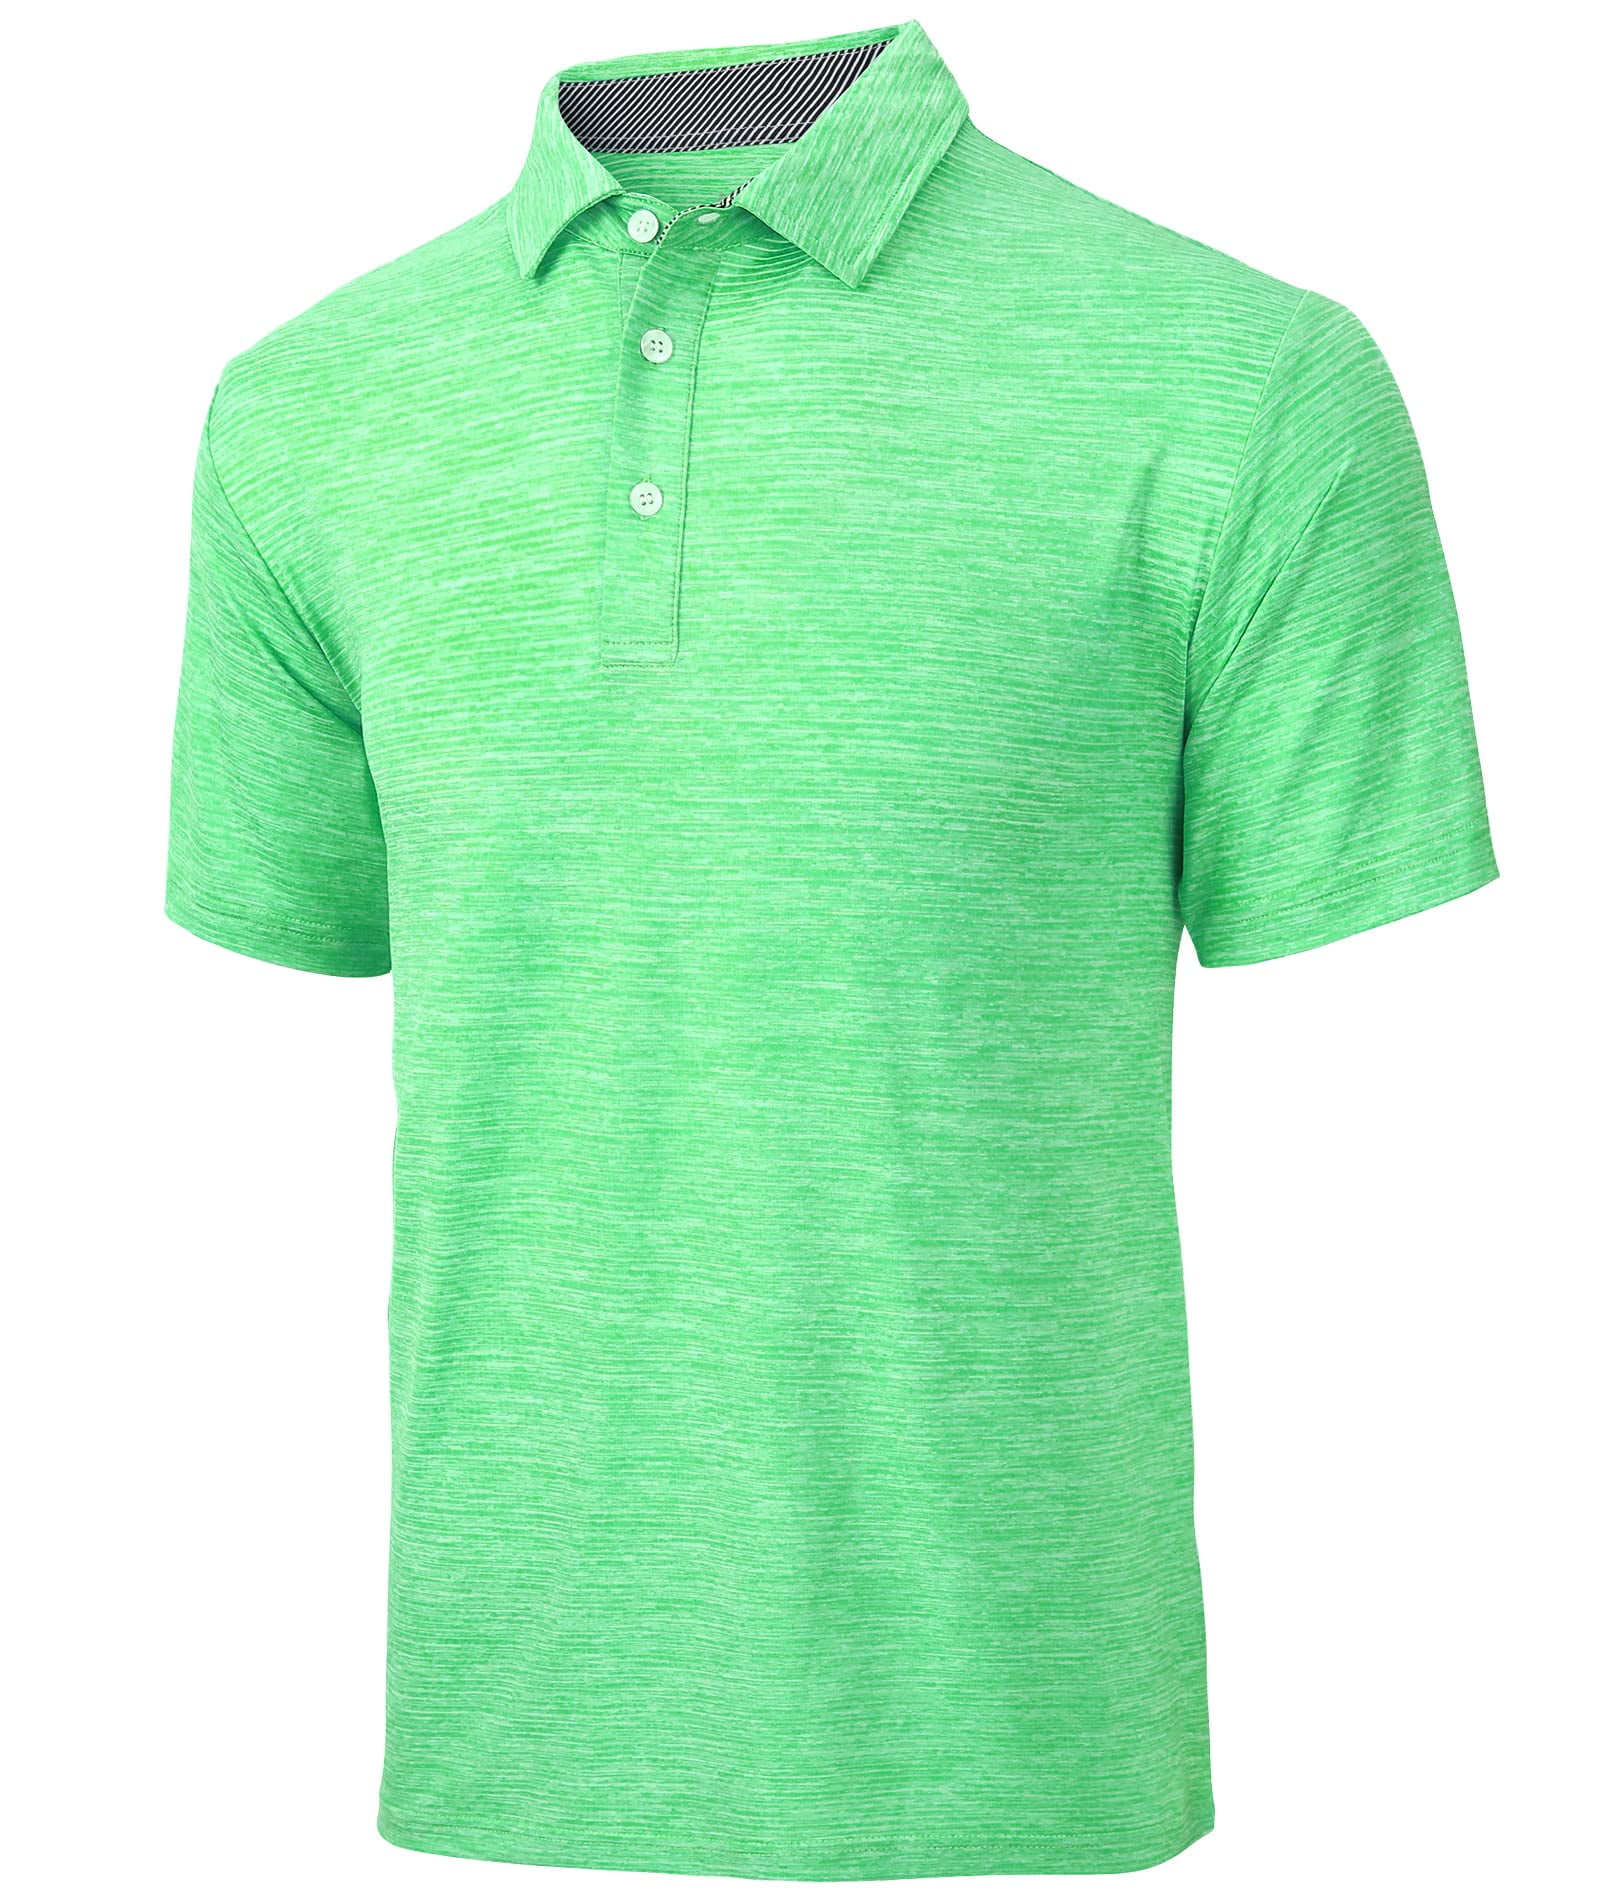 SCODI Mens Golf Polo Shirt Short Sleeve Casual Polo Shirt for Men  Performance Moisture-Wicking Cationic Shirt Casual Sports Tennis T-Shirts  Green 2XL
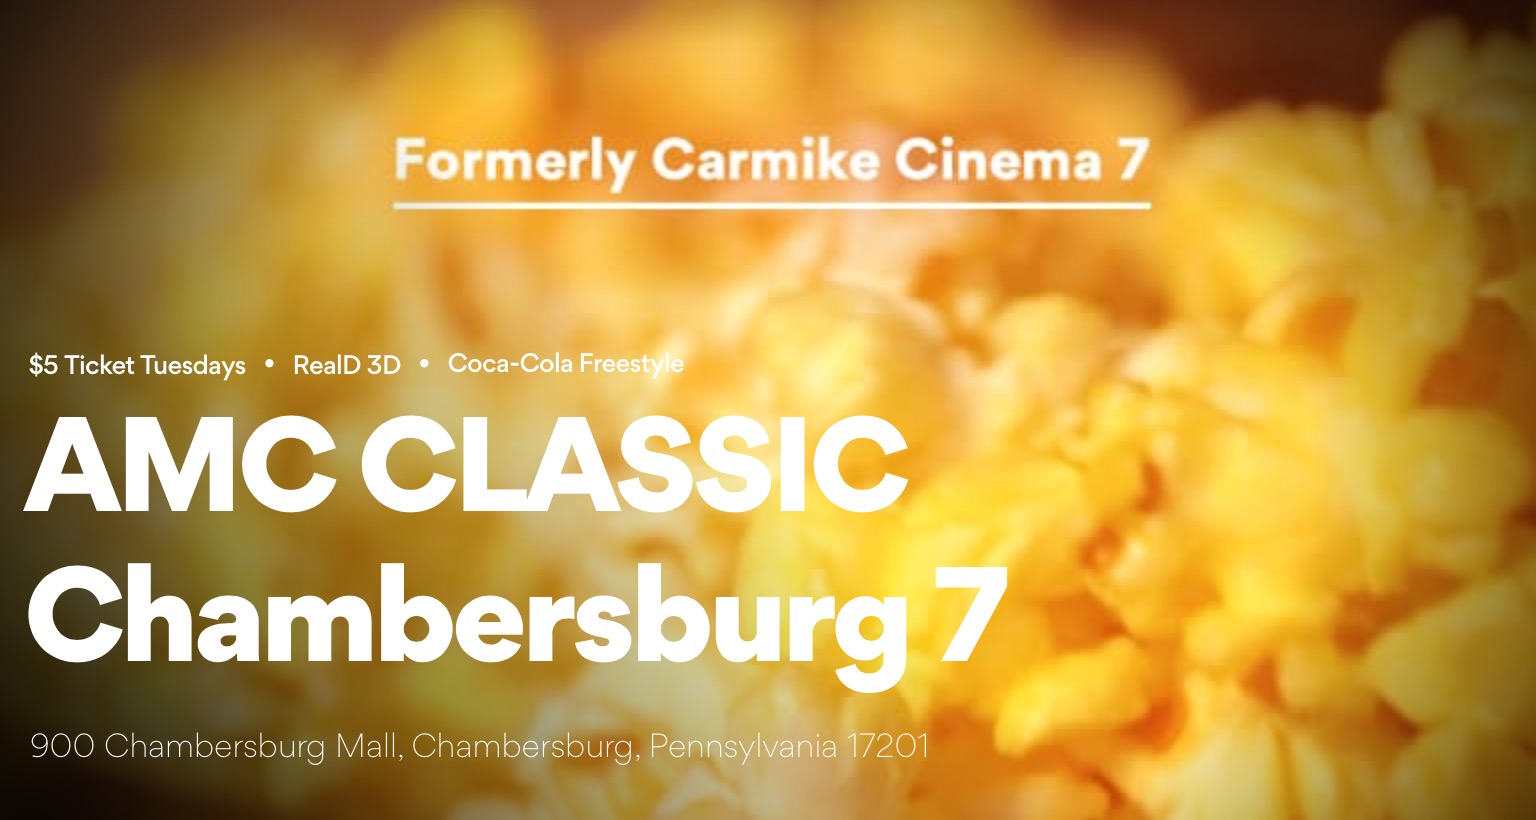 $5 Movie Ticket Tuesday at AMC Classic Chambersburg 7 | Ship Saves1536 x 820
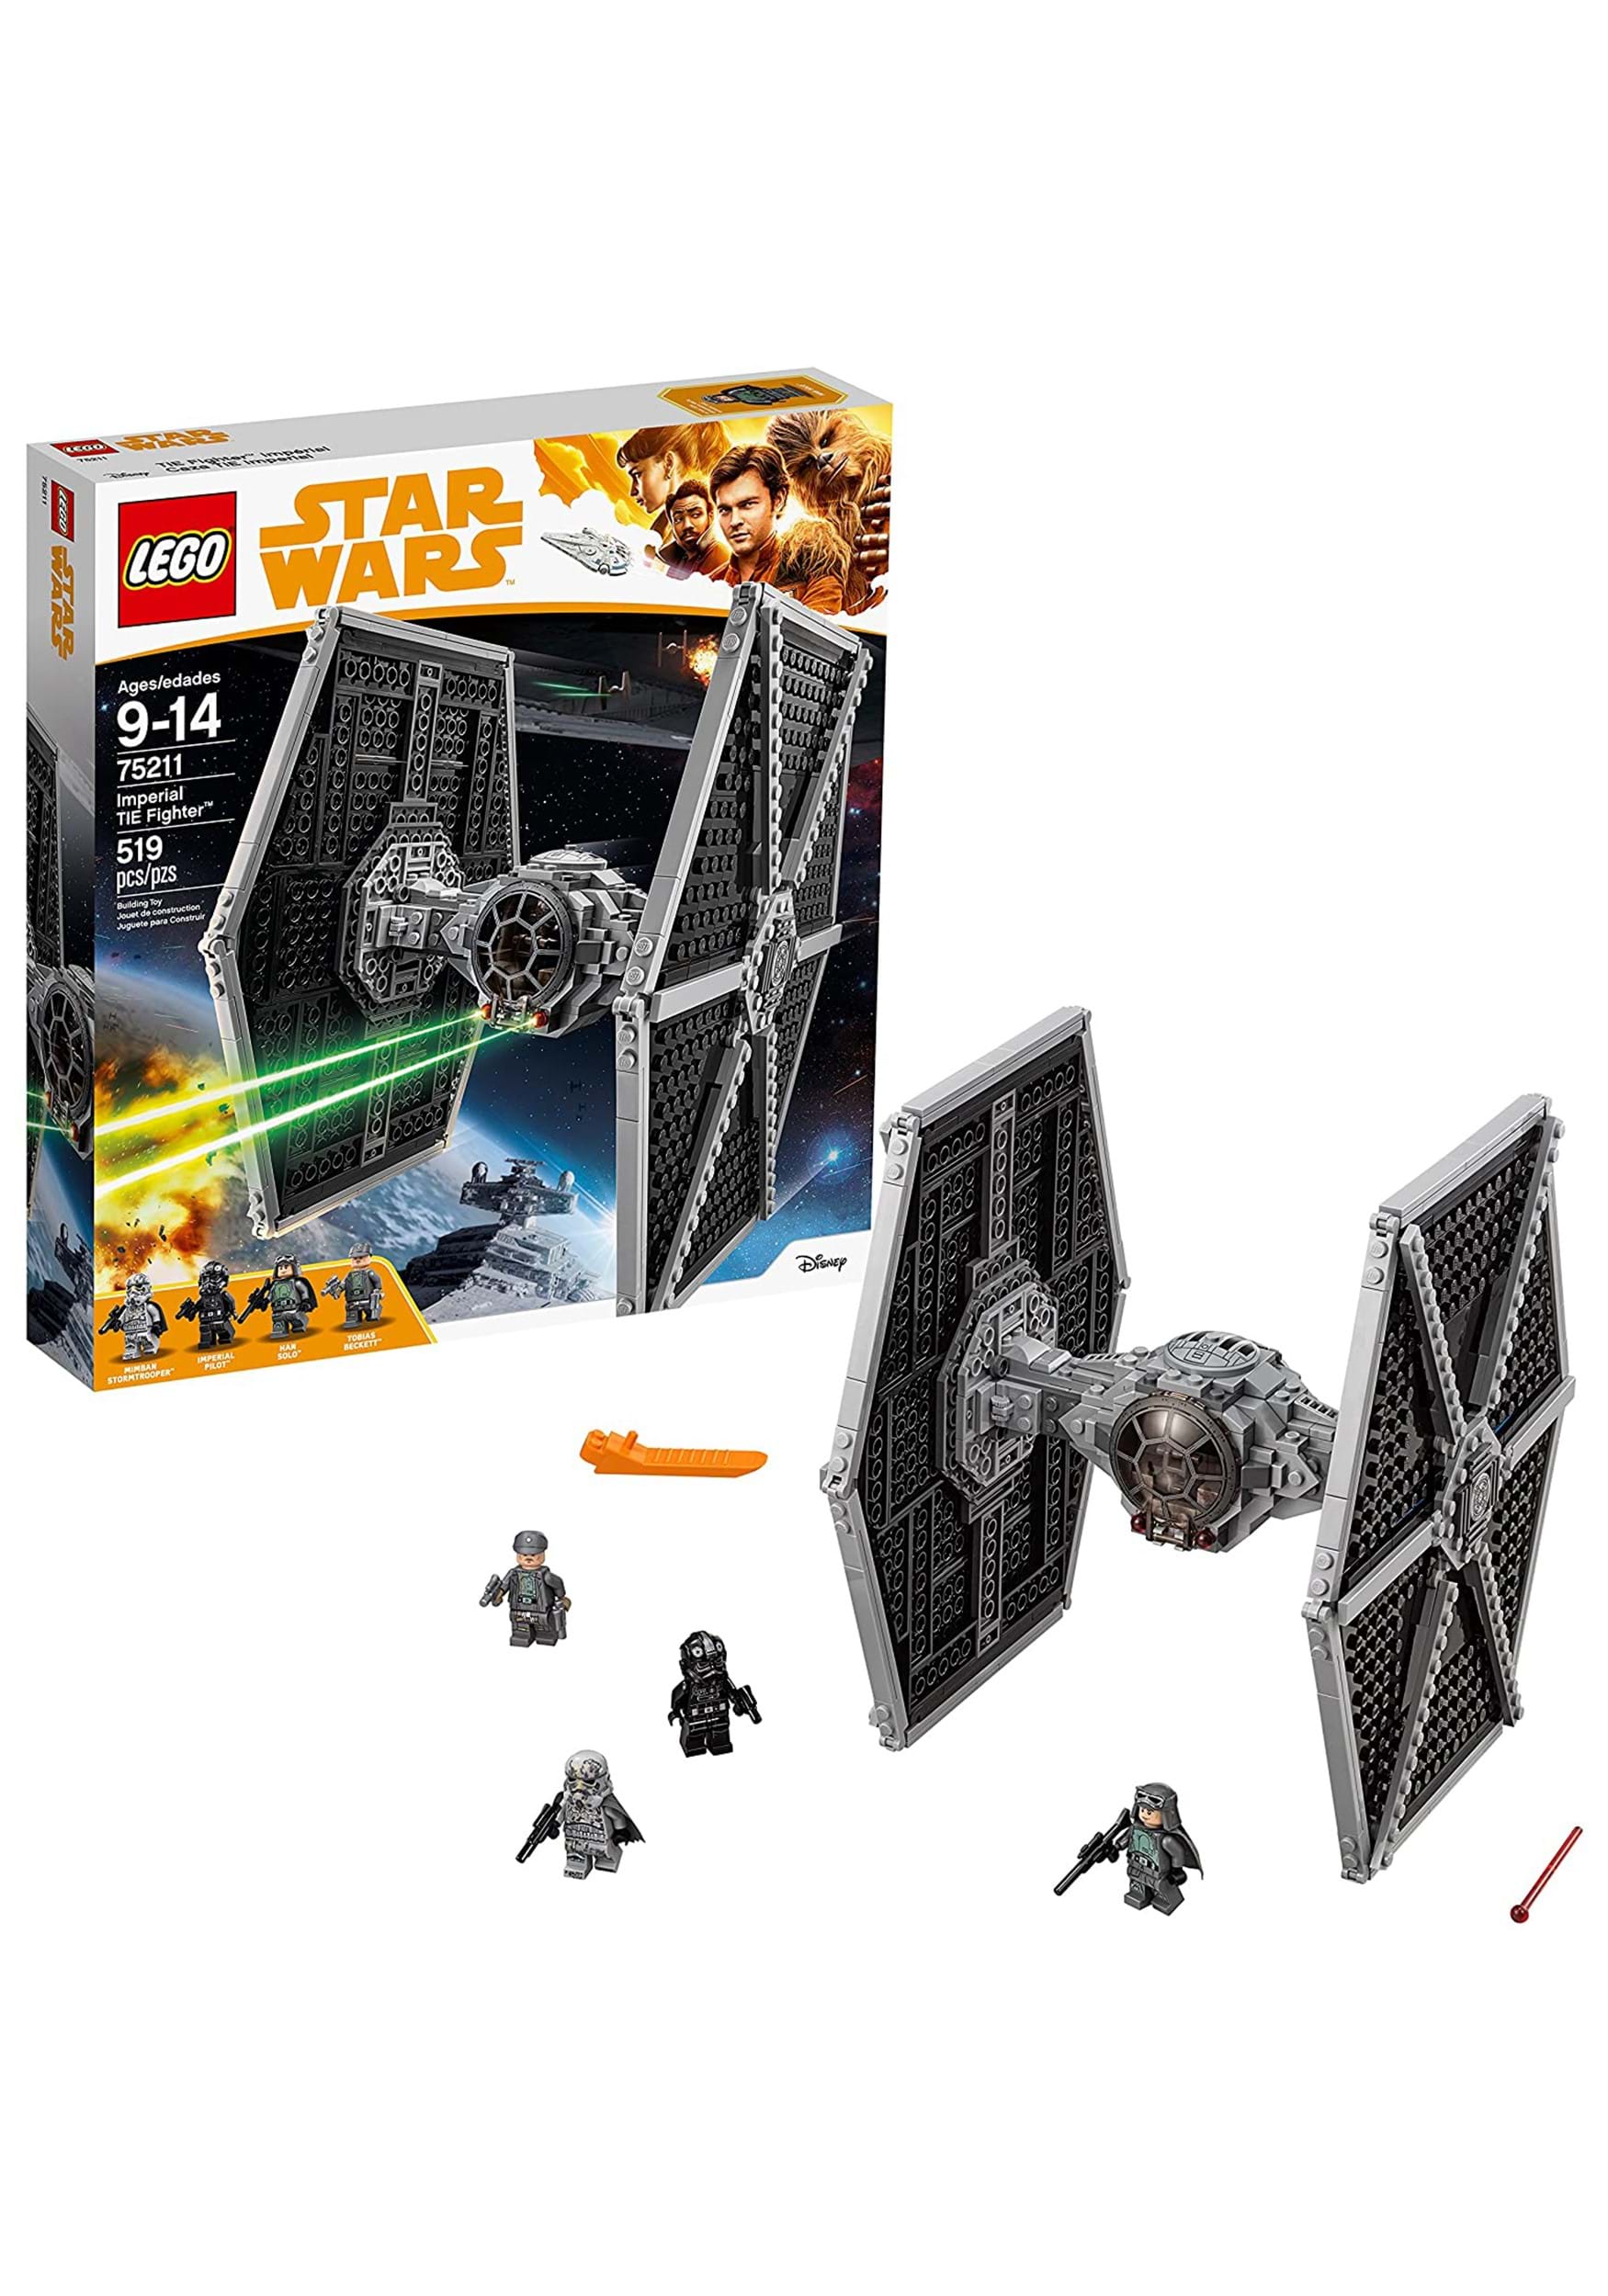 LEGO Star Wars Imperial TIE Fighter Toy Playset | LEGO Star Wars

Aim of the exercise.
Copy out the whole listing exactly. Skip its pictures.

Completed task.
 SCODI Mens Golf Polo Shirt Short Sleeve Casual Polo Shirt for Men  Performance Moisture-Wicking Cationic Shirt Casual Sports Tennis T-Shirts  Green 2XL
 $5 Movie Ticket Tuesday at AMC Classic Chambersburg 7 | Ship Saves1536 x 820
 LEGO Star Wars Imperial TIE Fighter Toy Playset | LEGO Star Wars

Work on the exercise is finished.